Сан плюет на собственную ладонь и обхватывает подрагивающий от нетерпения член — сначала проводит несколько раз по всей длине, а затем останавливается на головке, размазывая подушечкой большого пальца выступающие вязкие капли.
От такого Уёна трясет во всех смыслах. Он ловит ртом воздух, закатывает глаза от удовольствия и бесстыдно скулит, ставя руки позади себя и опираясь на них. Ноги становятся до жути ватными — не получается крепко держать их вокруг чужой талии, и Уён разводит их шире, толкаясь бедрами в слабо окольцовывающую его член ладонь.
Сан дрочит ему дразняще — быстро, медленно, рывками, нарушая ритм, заставляя Уёна хныкать и умолять не останавливаться, двигаться наконец-таки размеренно. Он знает, что Сан наслаждается его уязвимостью, раскрасневшимся лицом, мольбами и стонами настолько громкими, что ему приходится зажать рот Уёна, лишь бы тот был потише.

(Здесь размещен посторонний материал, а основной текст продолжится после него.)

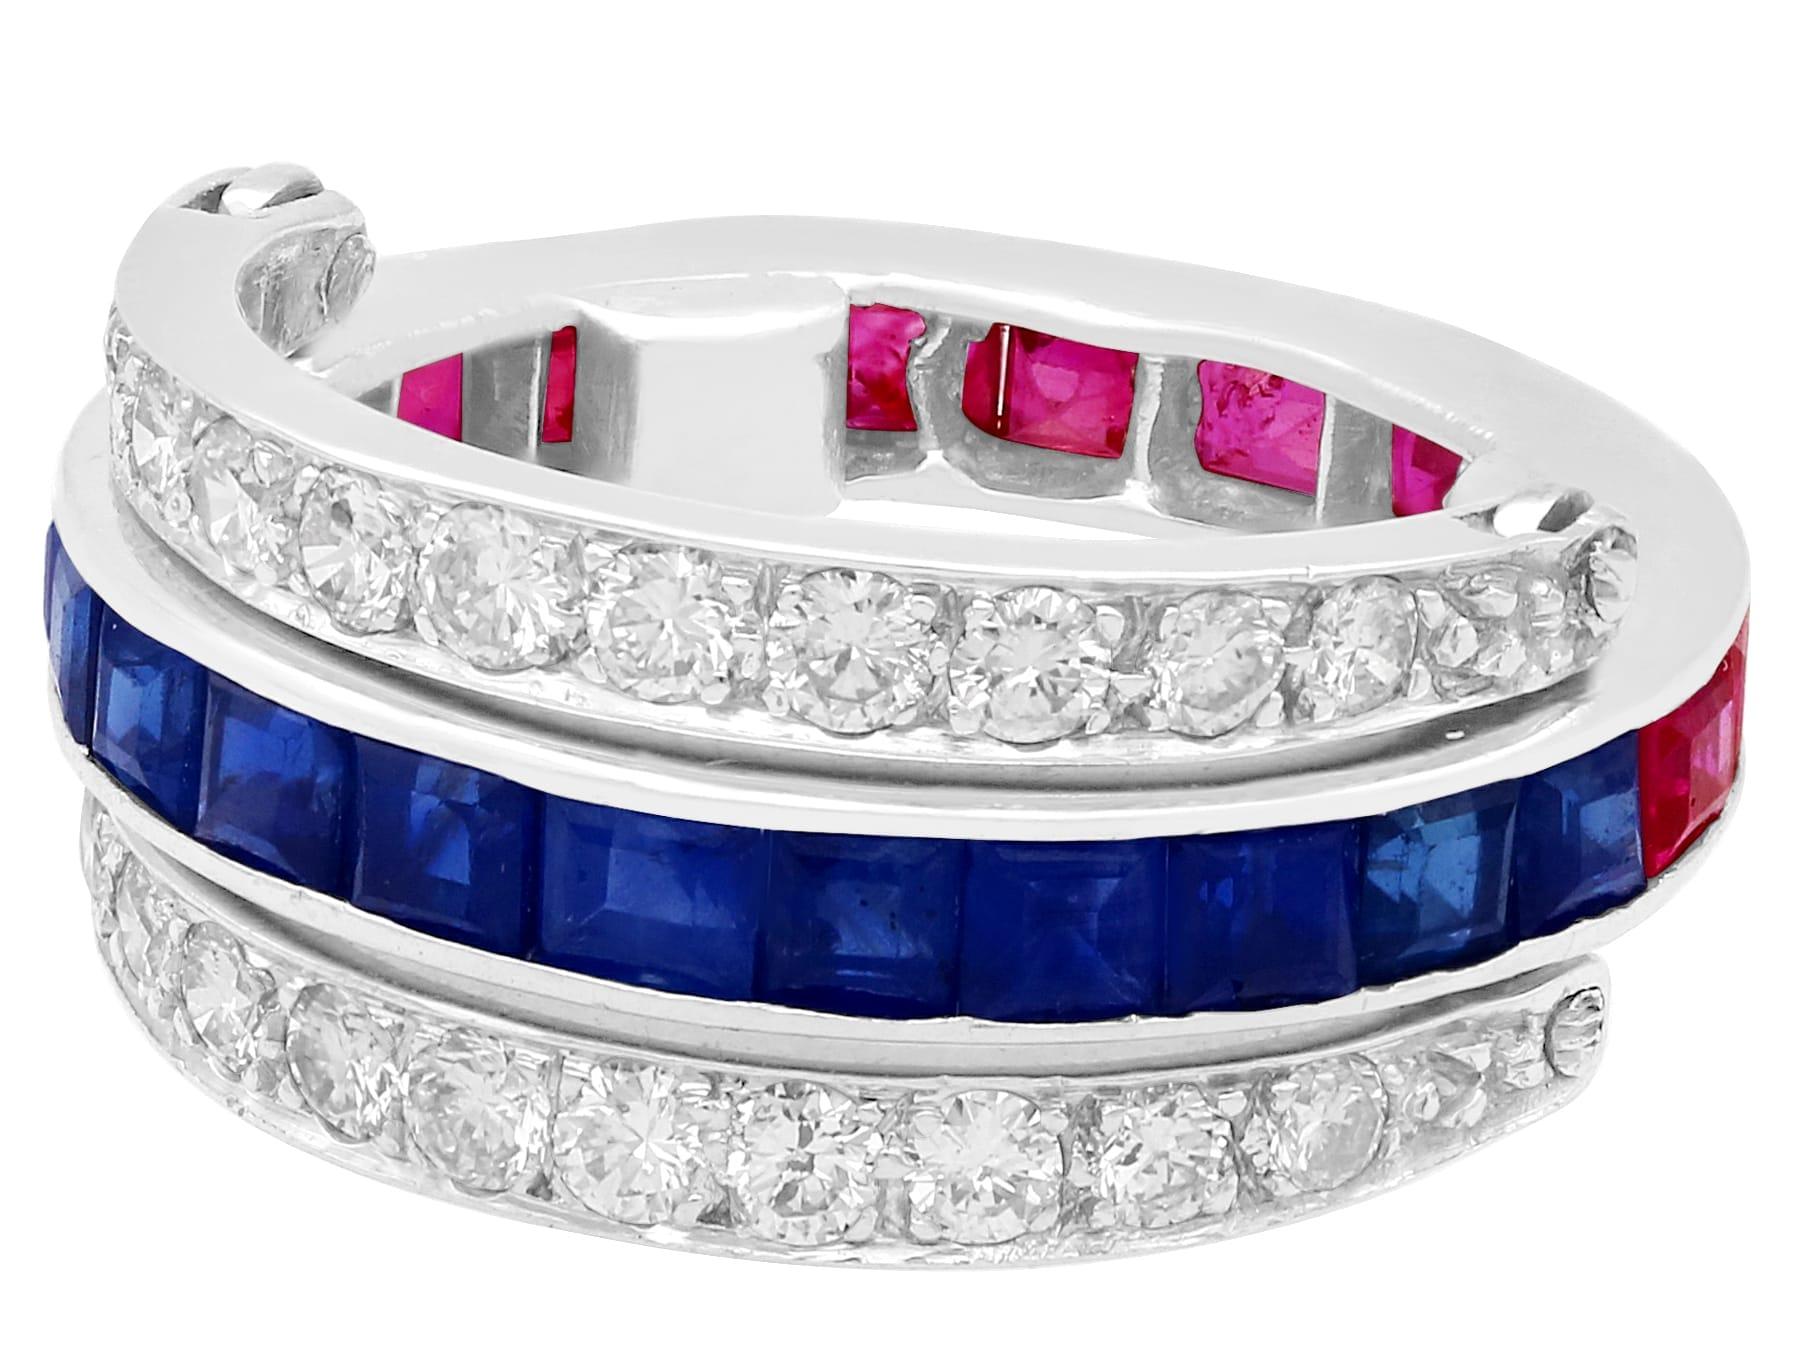 Ein atemberaubender, feiner und beeindruckender französischer Vintage-Ring aus den 1940er Jahren mit einem Rubin von 0,90 Karat, einem Saphir von 0,90 Karat und einem Diamanten von 0,80 Karat mit Scharnier aus Platin; Teil unserer vielfältigen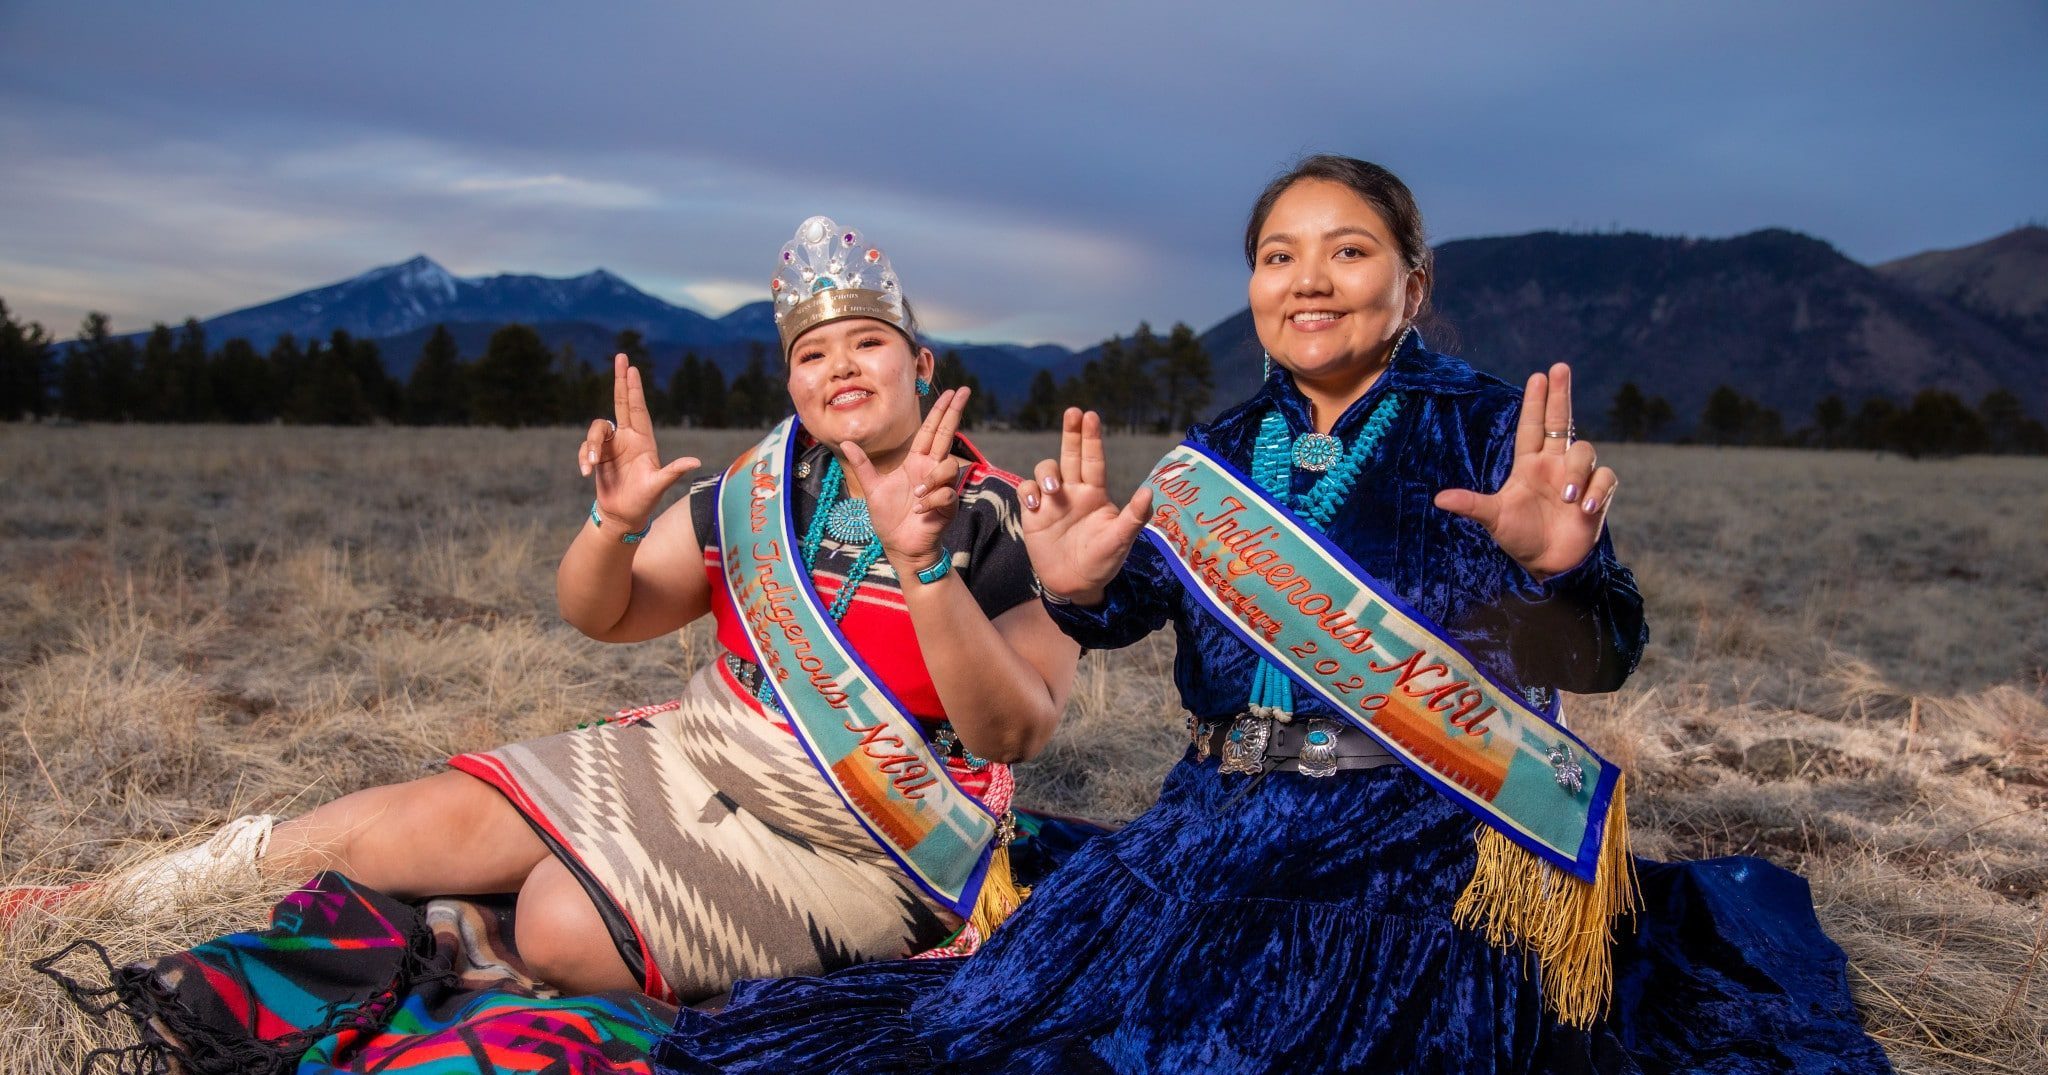 Dos mujeres en vestuario tradicional de Nativos Americanos sentadas en un prado enfrente de los San Francisco Peaks.

Уён на такое высовывает язык и облизывает мокрую ладонь, чувствуя, как ранки на сухих губах неприятно покалывают.
Немного замешкавшись, Сан прикрывает глаза и оставляет поцелуй на тыльной стороне своей ладони, что зажимает чужой рот. Другая рука подбирает нужный ритм и губы нежным градом осыпают клевками лицо Уёна, которому от такого, почему-то, хочется плакать. Ворох эмоций бьет по всему телу изнутри, сосредотачиваясь и в голове, и где-то внизу живота. Уён сдавленно стонет в ладонь и зажмуривается, чтобы слезы не покатились по его щекам в такой неподходящий момент. Он снова высовывает язык и облизывает ладонь, чувствуя, как слюна размазывается по его подбородку.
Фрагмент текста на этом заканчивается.